AIM OF THE TASK
The reply should be an exact repeat of the listing, with no pictures in it.

MATERIAL PROVIDED
********************
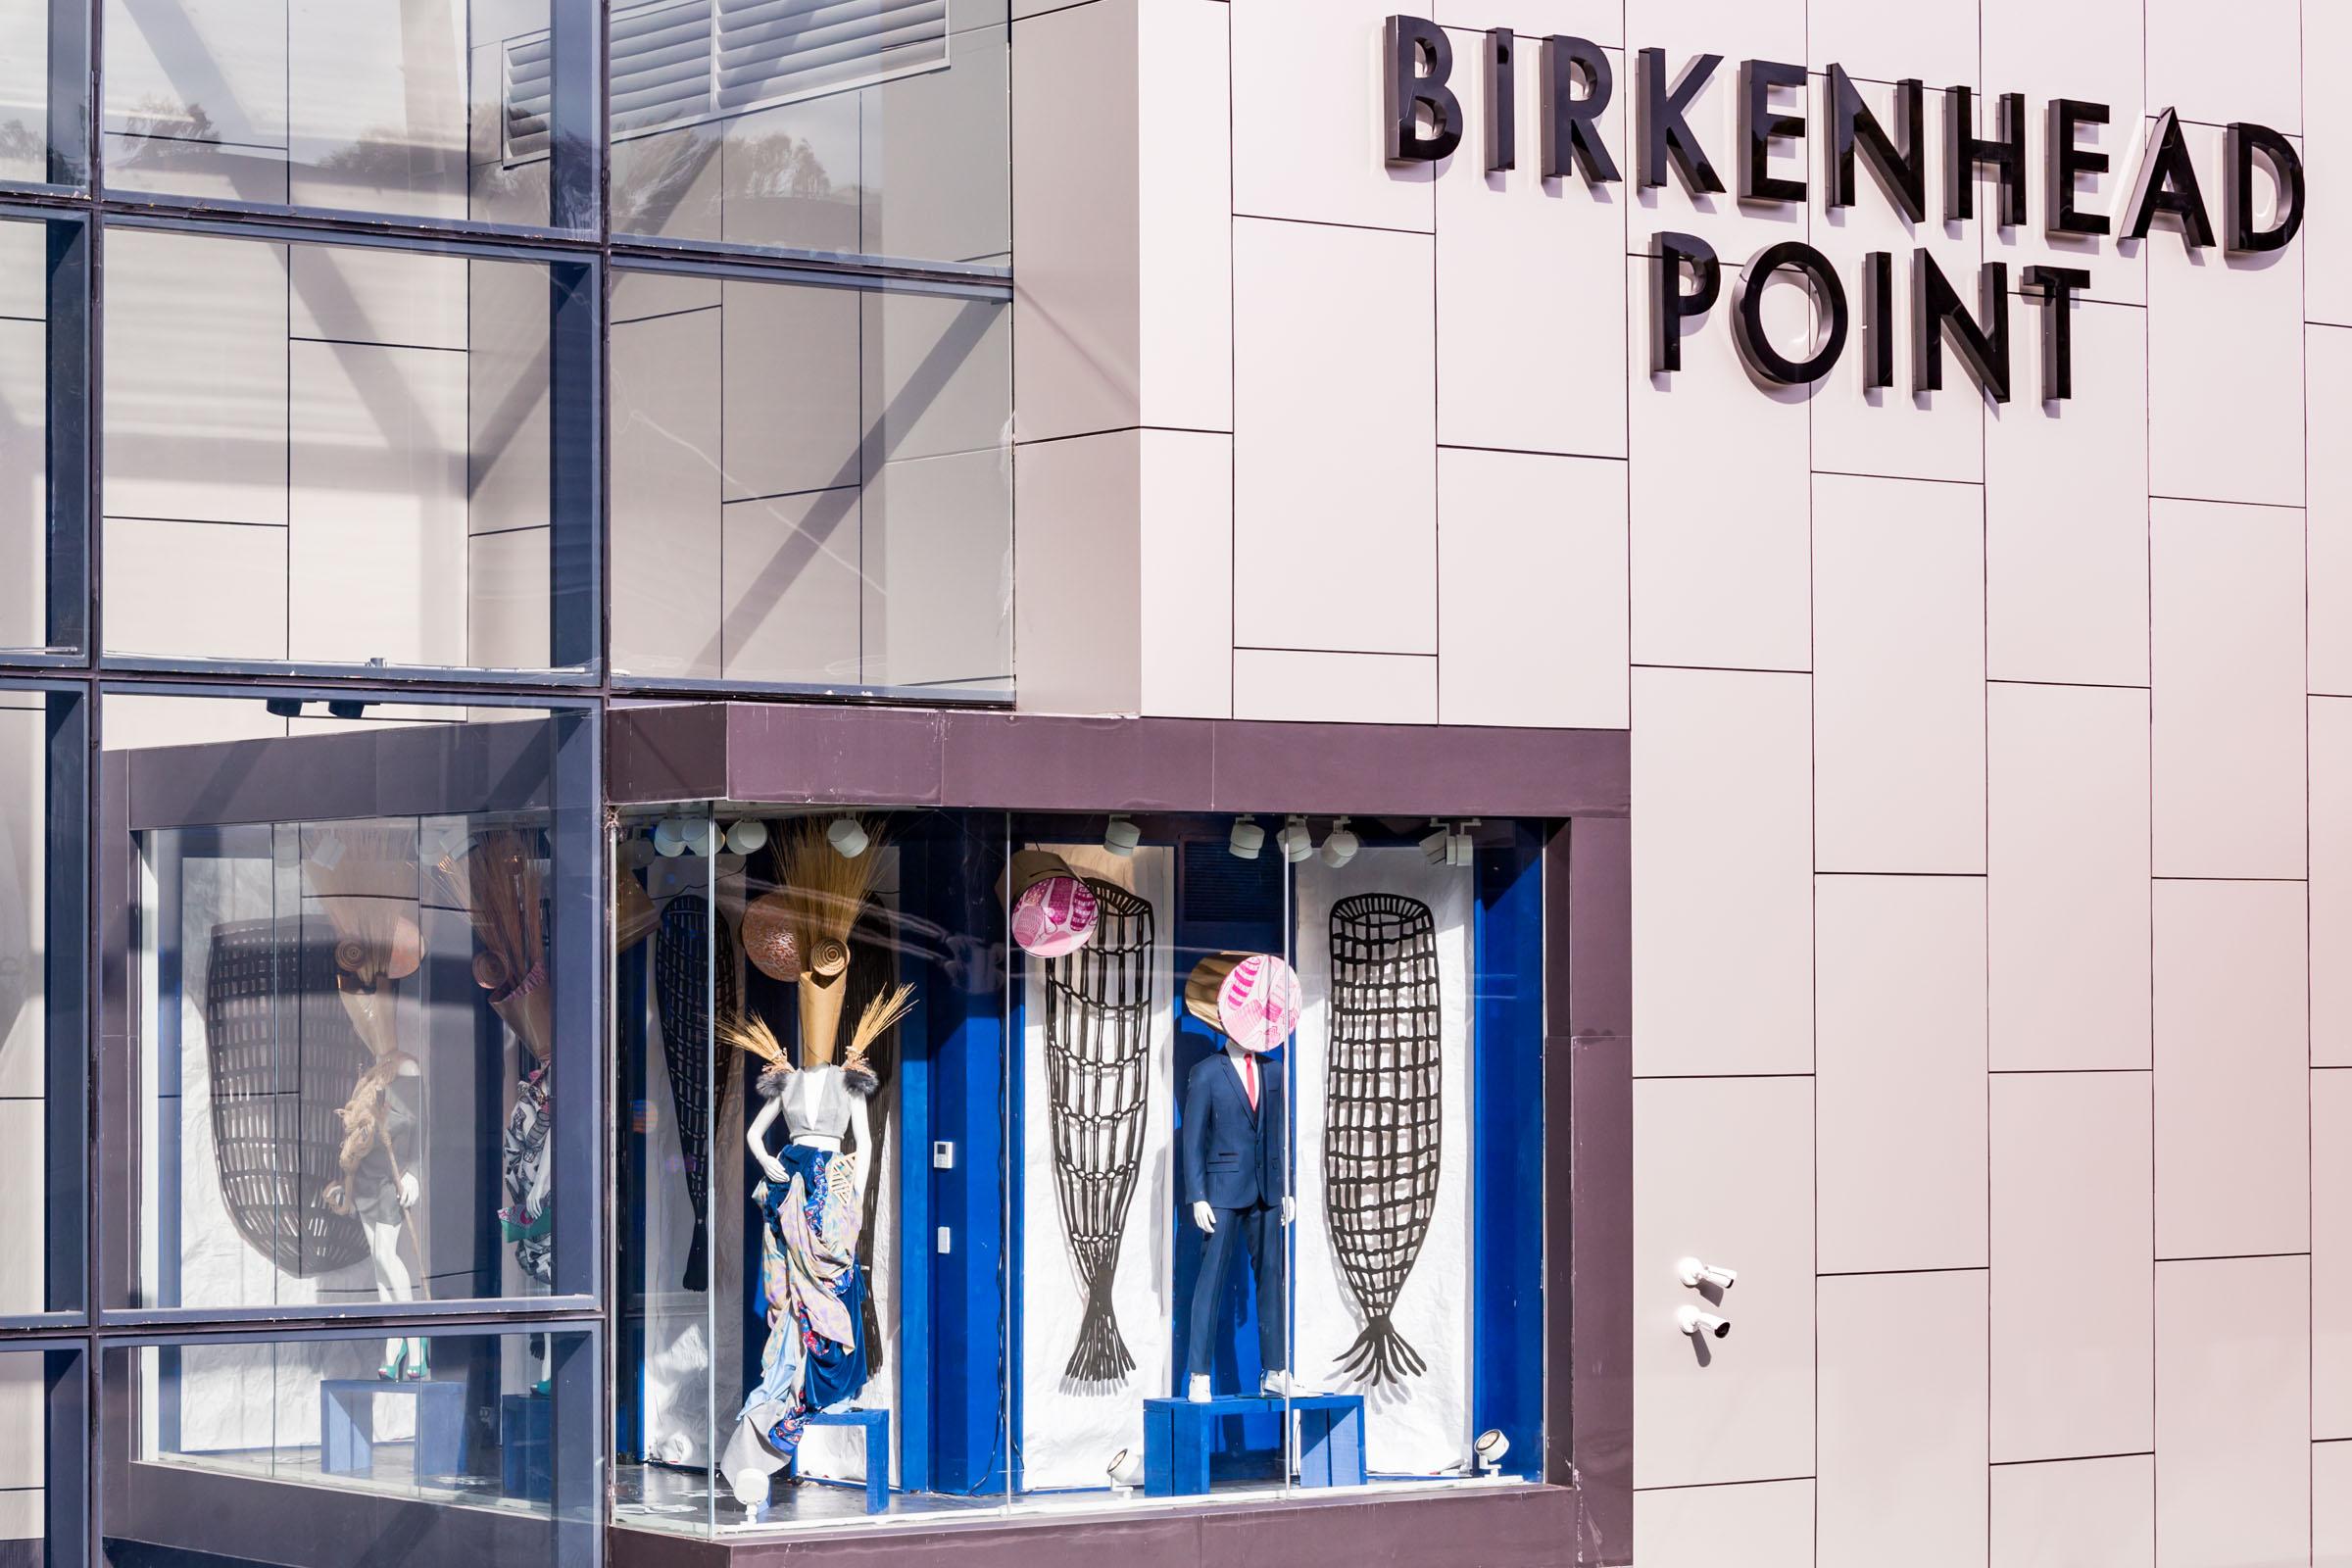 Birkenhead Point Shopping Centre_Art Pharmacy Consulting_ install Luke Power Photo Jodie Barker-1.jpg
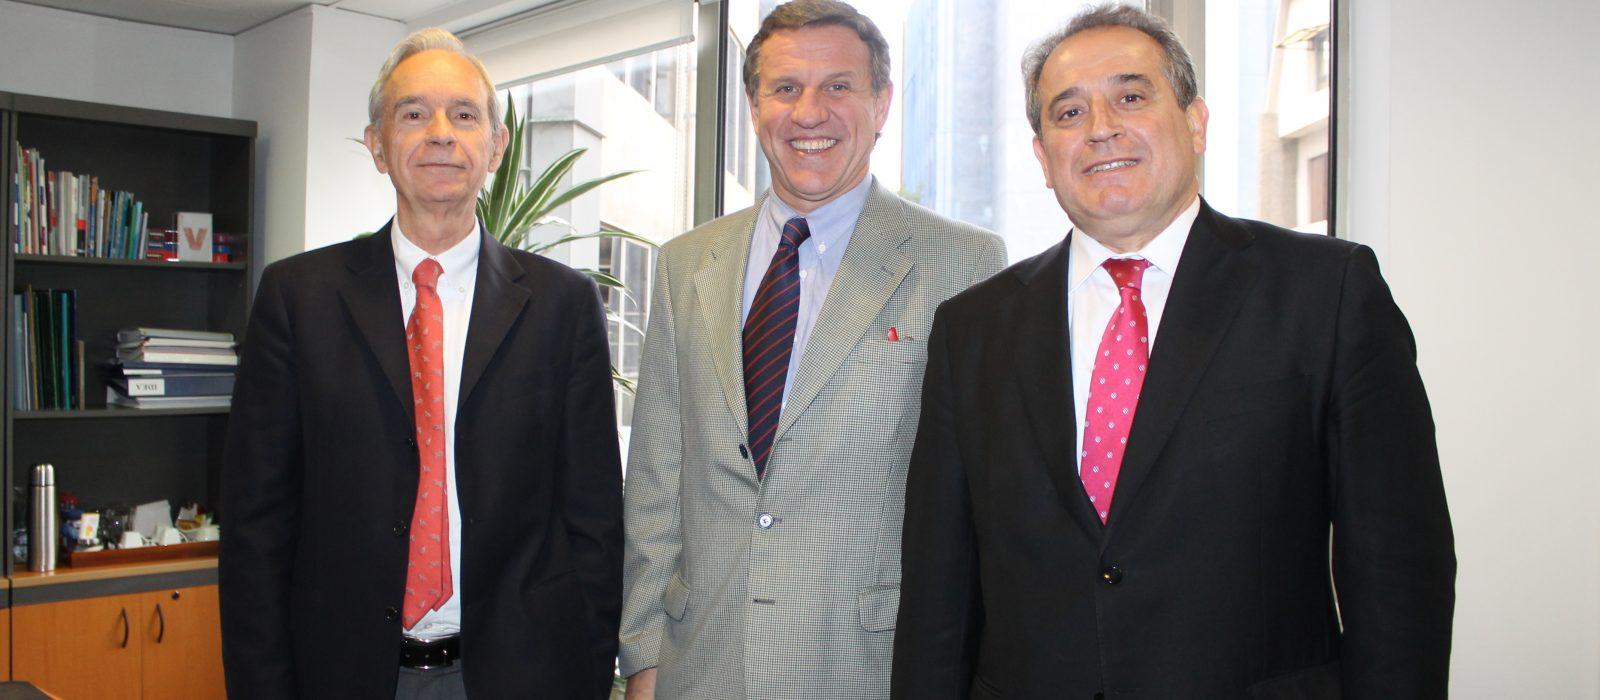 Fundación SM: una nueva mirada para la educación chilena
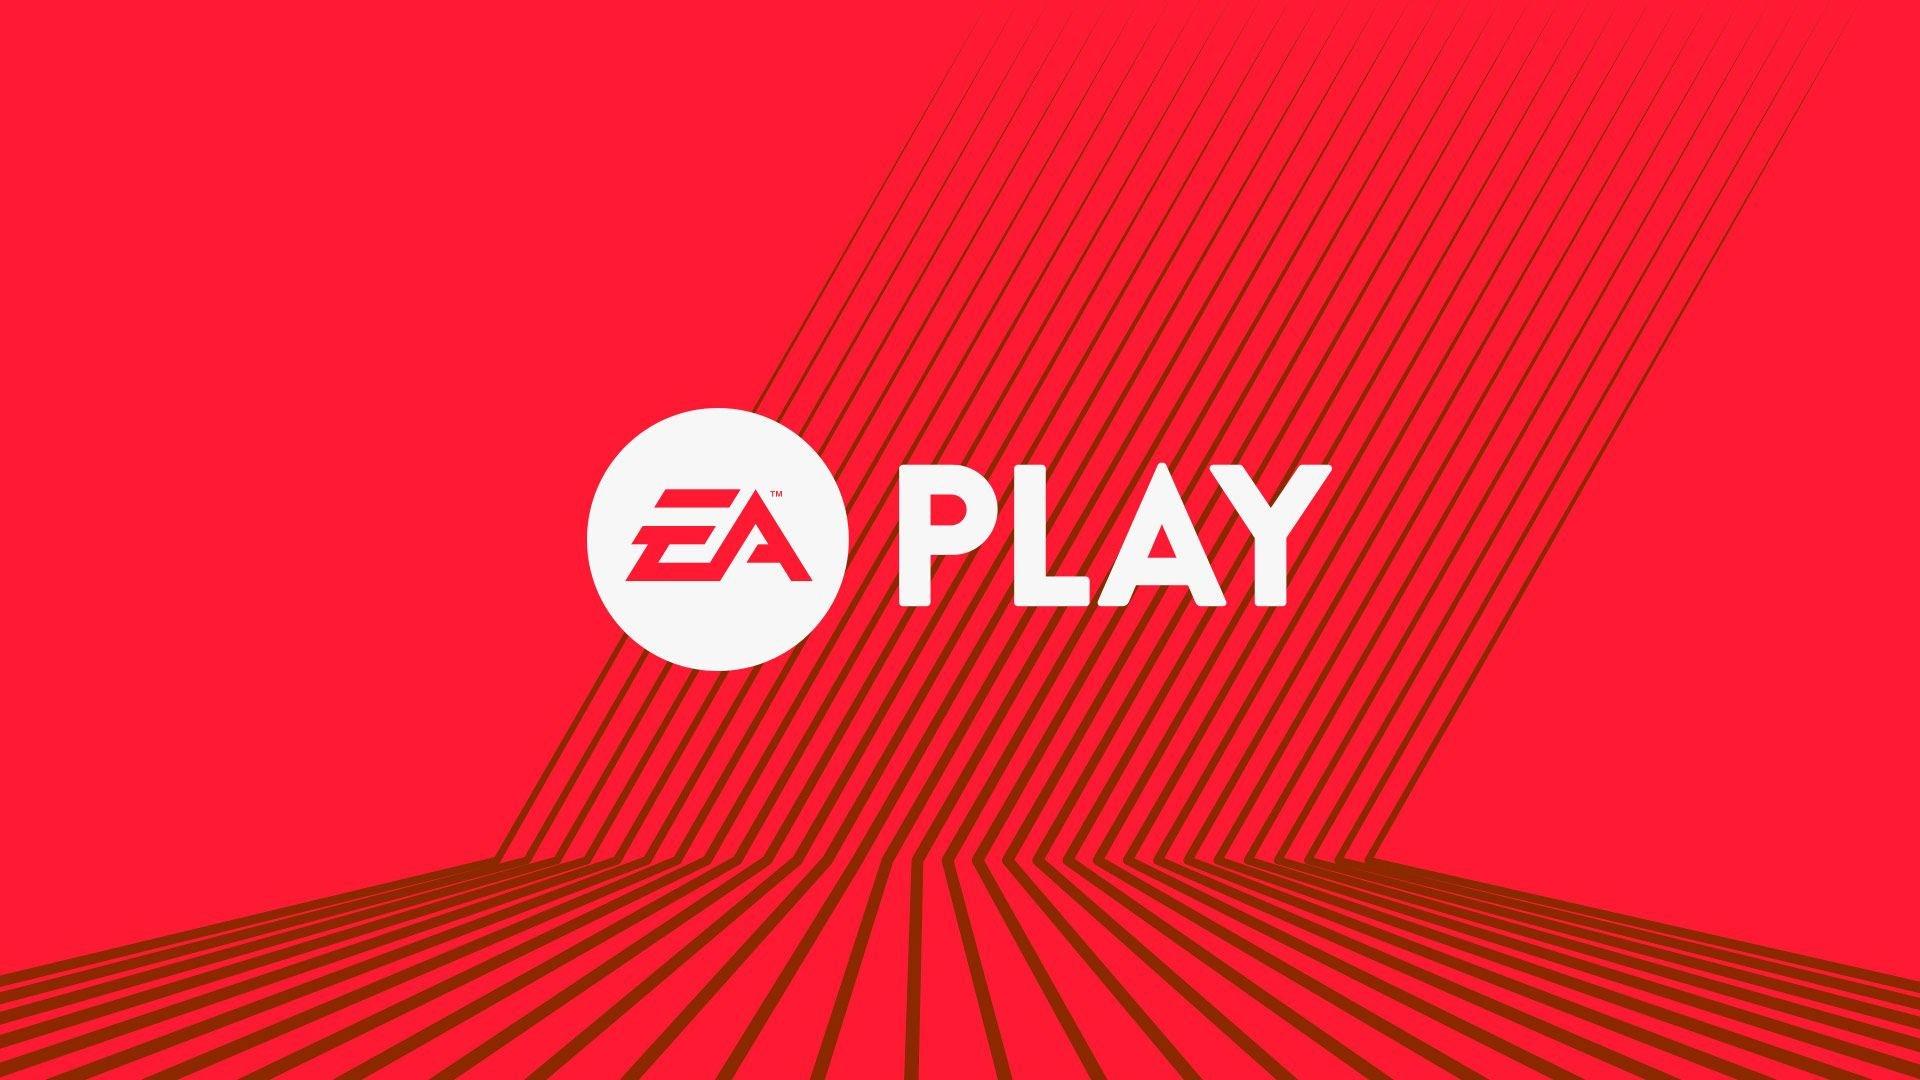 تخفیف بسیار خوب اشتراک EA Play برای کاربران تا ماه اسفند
********************
EXERCISE SOLUTION
 Birkenhead Point Shopping Centre_Art Pharmacy Consulting_ install Luke Power Photo Jodie Barker-1.jpg
 Fundación SM: una nueva mirada para la educación chilena
 تخفیف بسیار خوب اشتراک EA Play برای کاربران تا ماه اسفند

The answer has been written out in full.